=== TASK TO CARRY OUT ===
The lines below from the one with "Calipots 5pack 5" up to and including the one with "Telegraph Hill Park" are what you should set down, exactly and without pictures.

START RECORD EXCERPTS

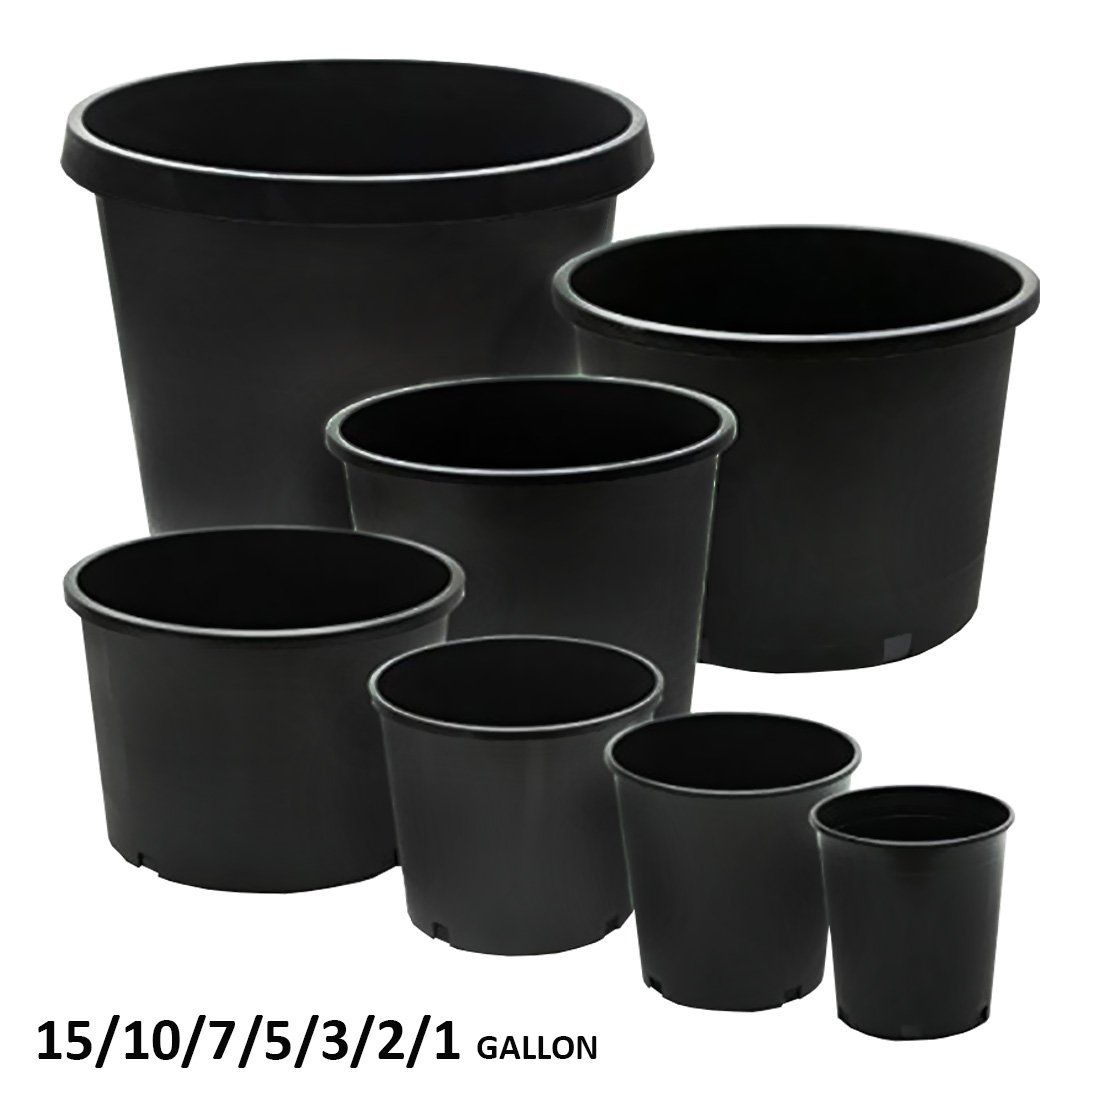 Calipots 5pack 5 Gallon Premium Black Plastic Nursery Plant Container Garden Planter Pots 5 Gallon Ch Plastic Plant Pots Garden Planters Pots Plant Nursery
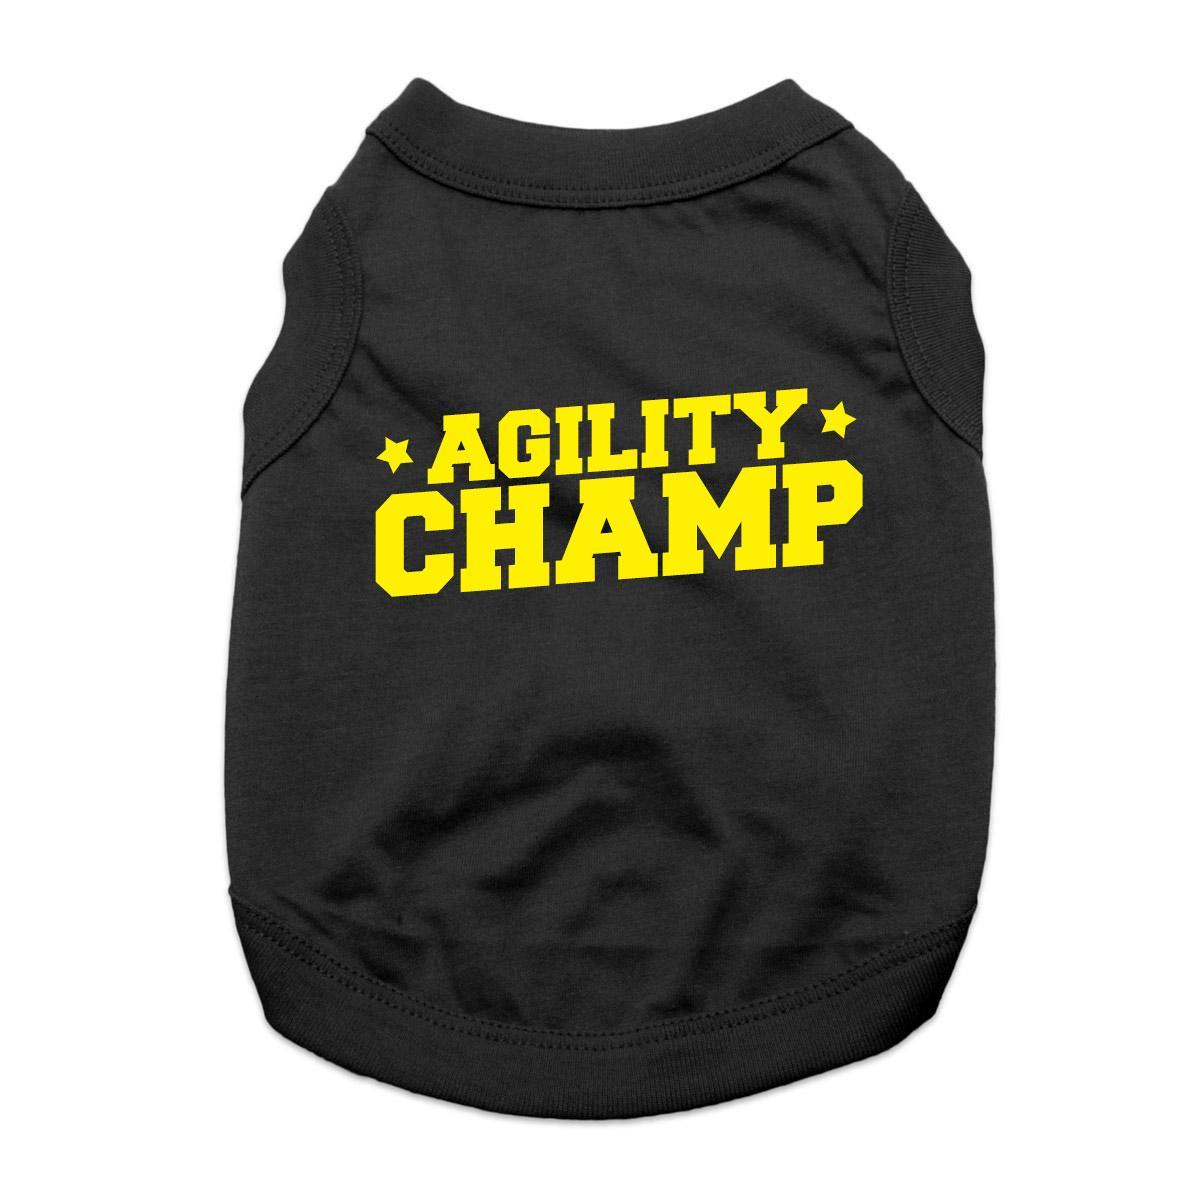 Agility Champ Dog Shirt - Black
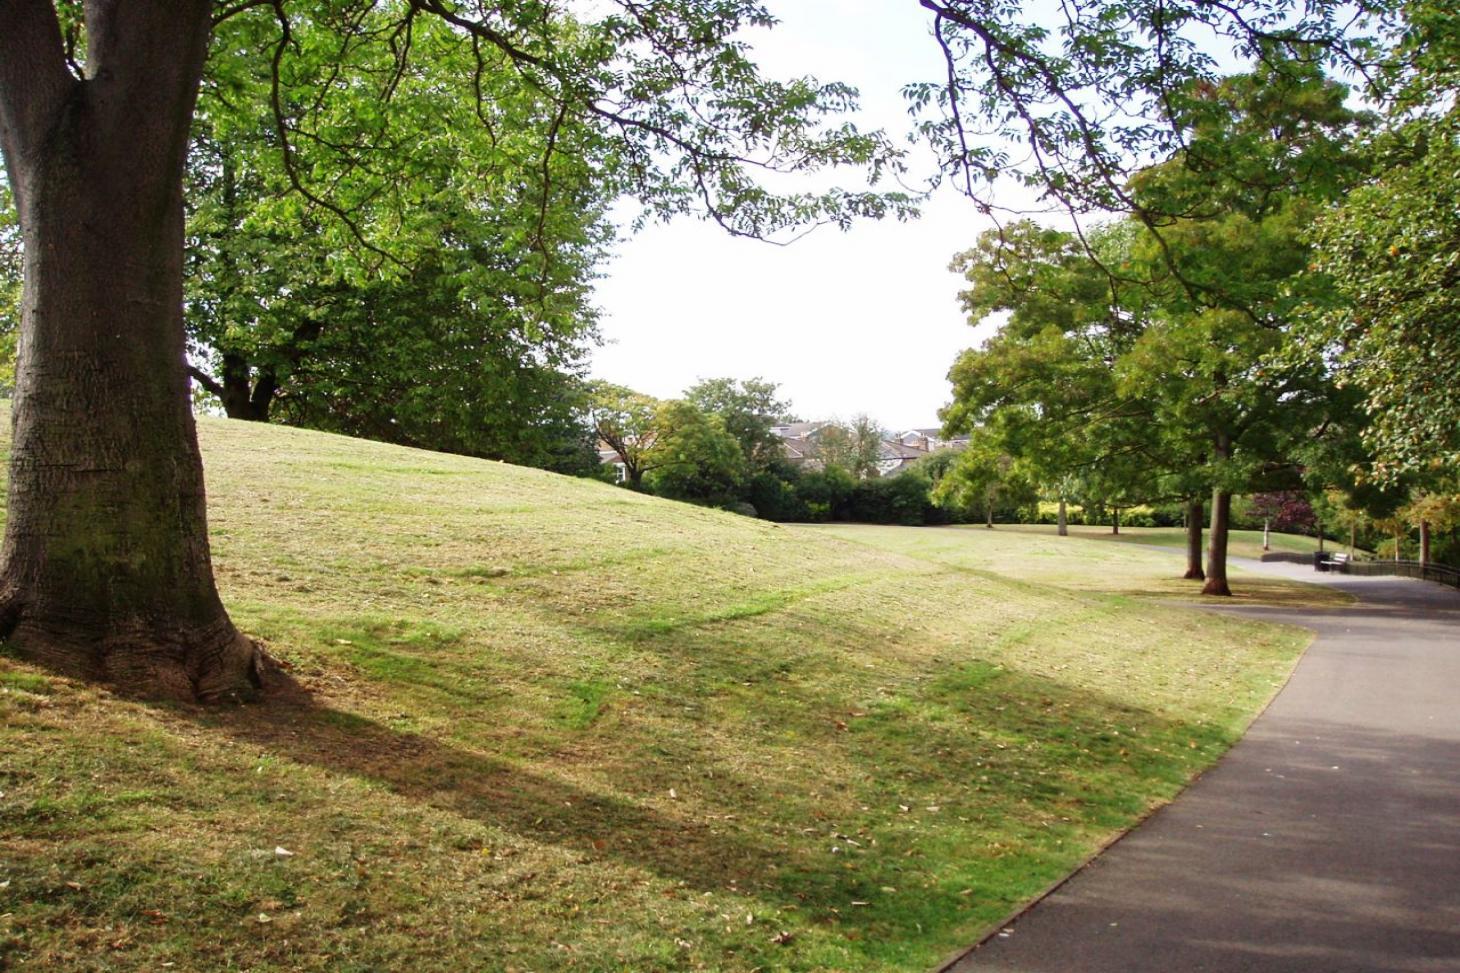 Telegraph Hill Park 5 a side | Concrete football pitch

END RECORD EXCERPTS
START RECORD EXCERPTS

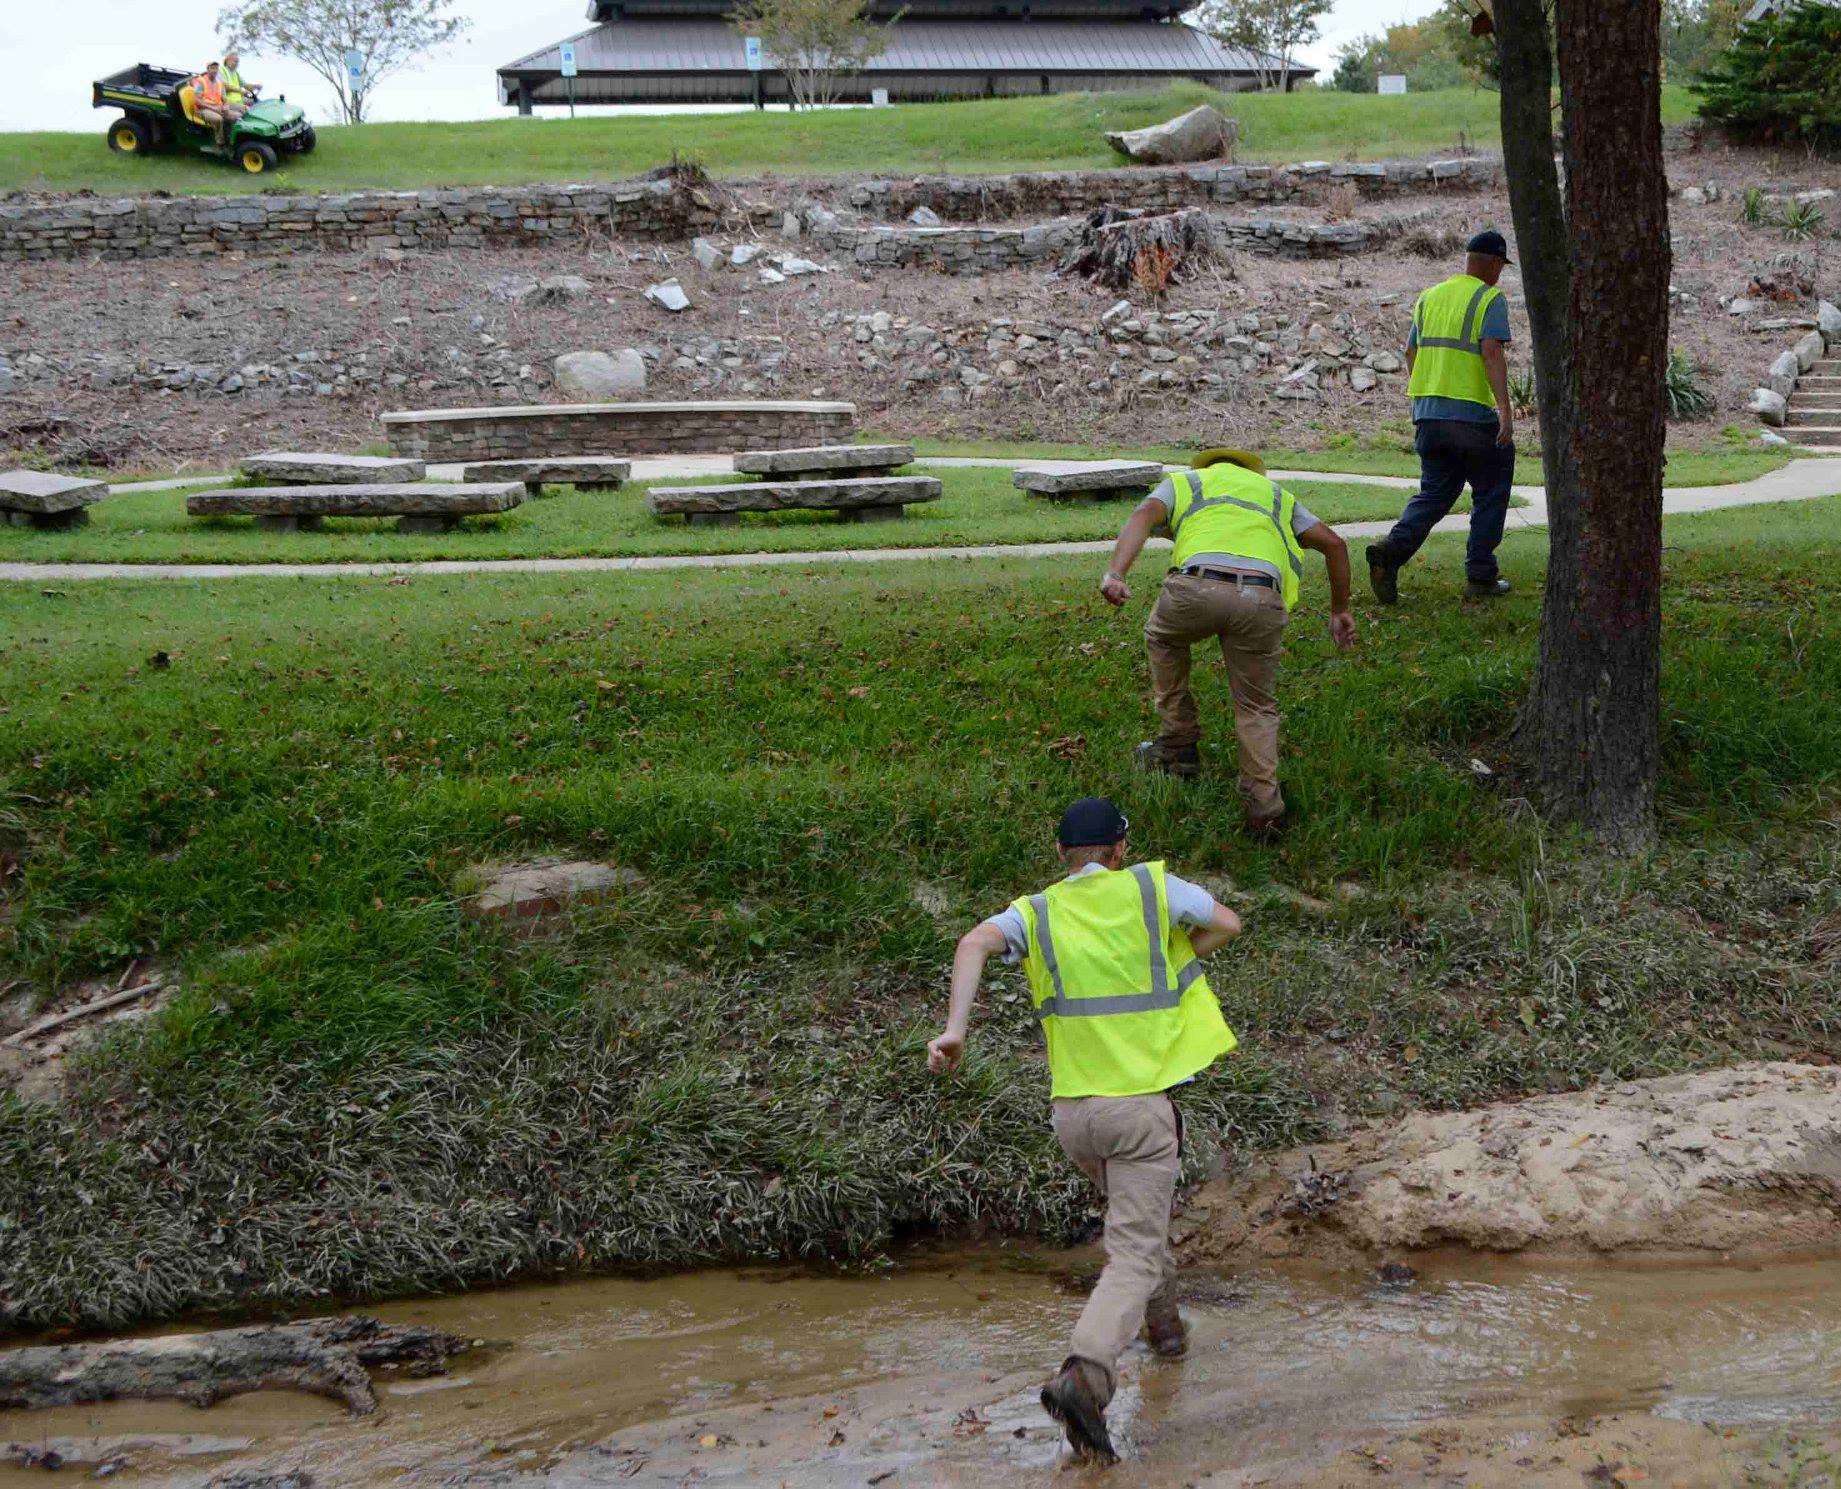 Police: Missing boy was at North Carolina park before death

END RECORD EXCERPTS
START RECORD EXCERPTS

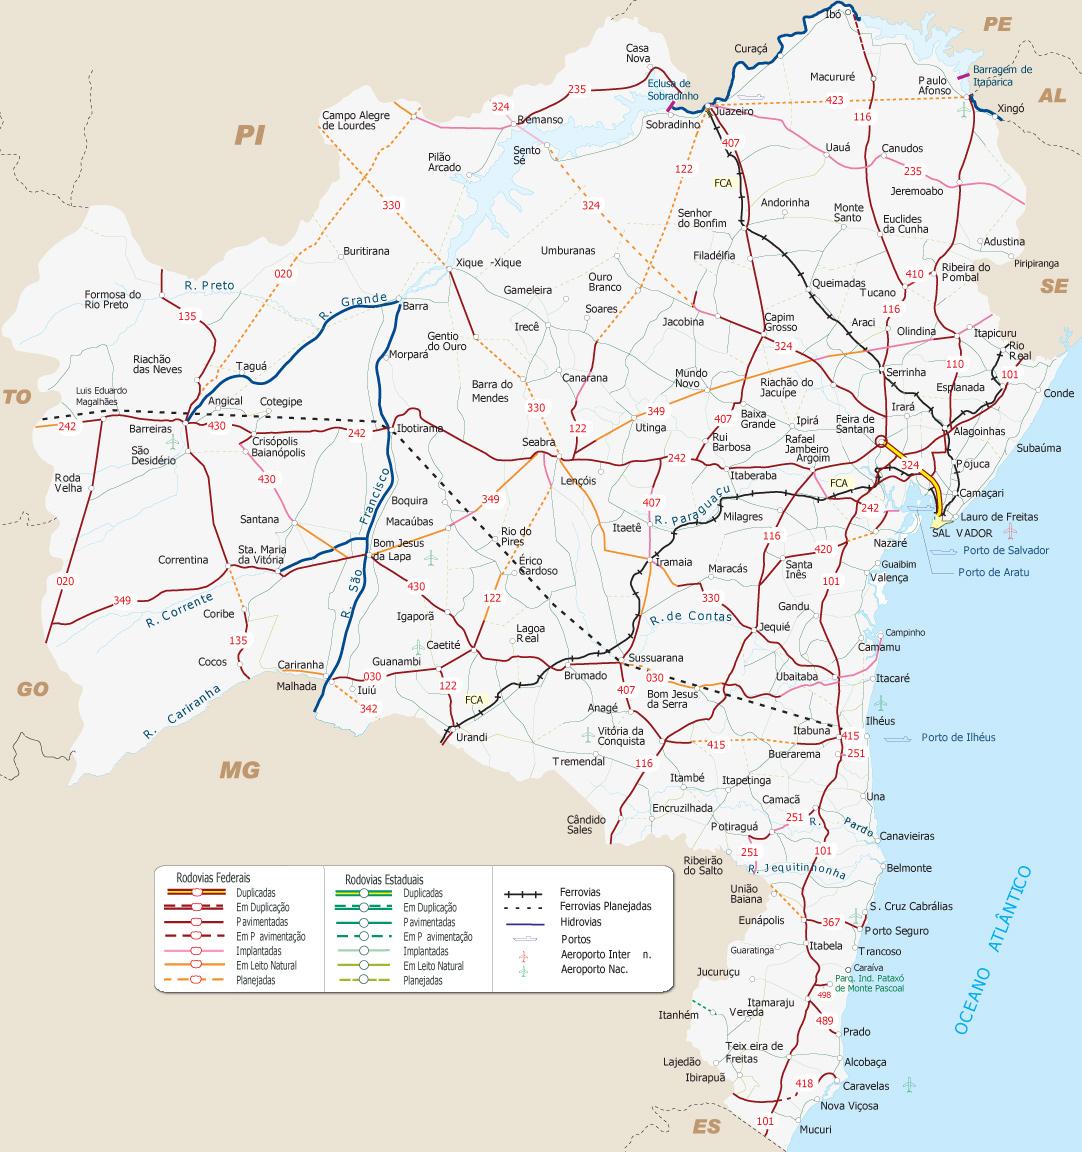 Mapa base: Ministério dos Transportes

END RECORD EXCERPTS

=== EXERCISE ANSWER ===
 Calipots 5pack 5 Gallon Premium Black Plastic Nursery Plant Container Garden Planter Pots 5 Gallon Ch Plastic Plant Pots Garden Planters Pots Plant Nursery
 Agility Champ Dog Shirt - Black
 Telegraph Hill Park 5 a side | Concrete football pitch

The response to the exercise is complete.